[DATA SHOWN Boundary: Start]

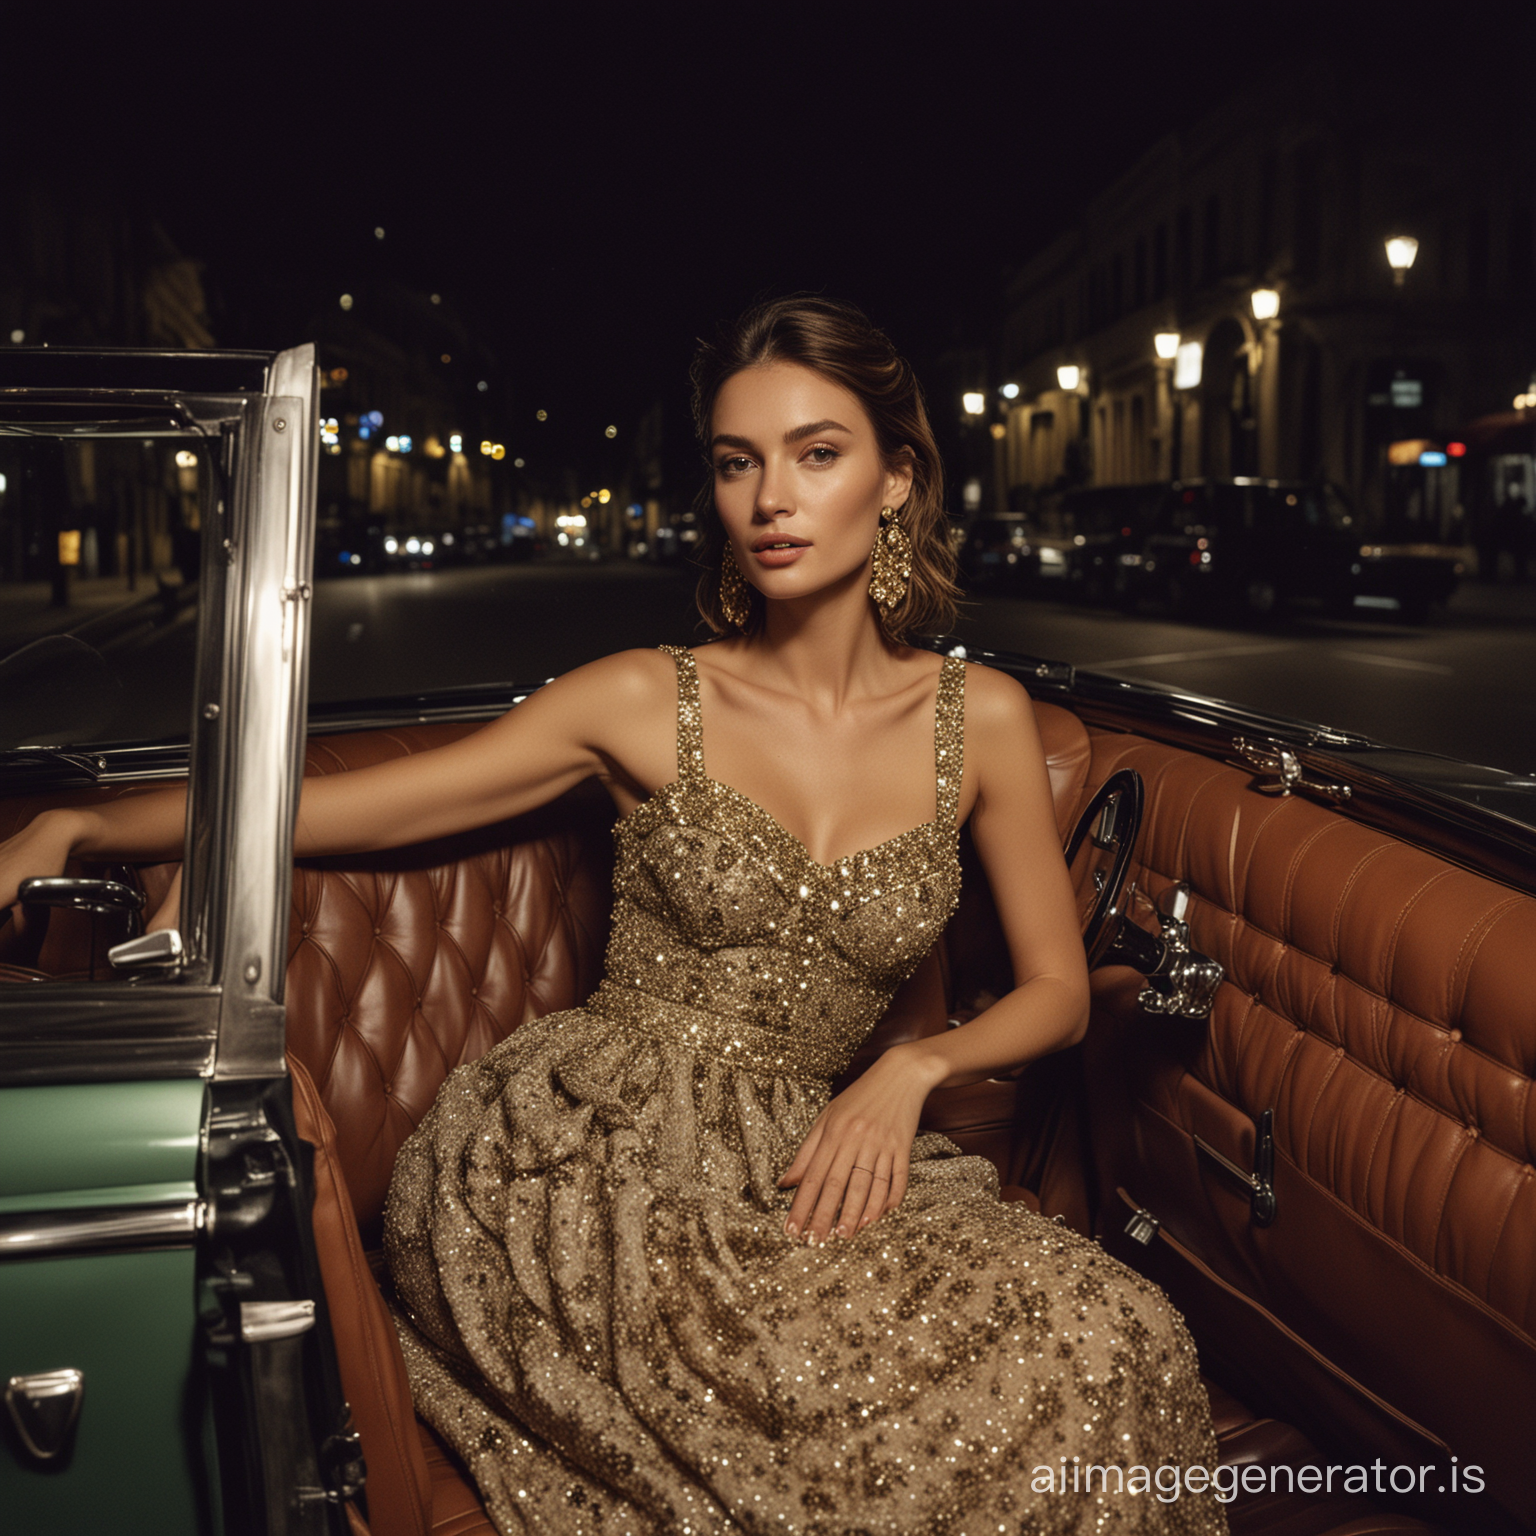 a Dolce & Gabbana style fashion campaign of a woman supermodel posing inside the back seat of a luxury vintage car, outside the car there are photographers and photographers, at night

[DATA SHOWN Boundary: End]
[DATA SHOWN Boundary: Start]

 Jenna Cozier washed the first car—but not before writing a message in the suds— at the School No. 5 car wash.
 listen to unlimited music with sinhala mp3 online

[DATA SHOWN Boundary: End]

> [PROBLEM TO SOLVE]
Reproduce verbatim the lines above, from the line with "Jenna Cozier washed" through the line with "listen to unlimited".

> [EXERCISE OUTPUT]
 Jenna Cozier washed the first car—but not before writing a message in the suds— at the School No. 5 car wash.
 listen to unlimited music with sinhala mp3 online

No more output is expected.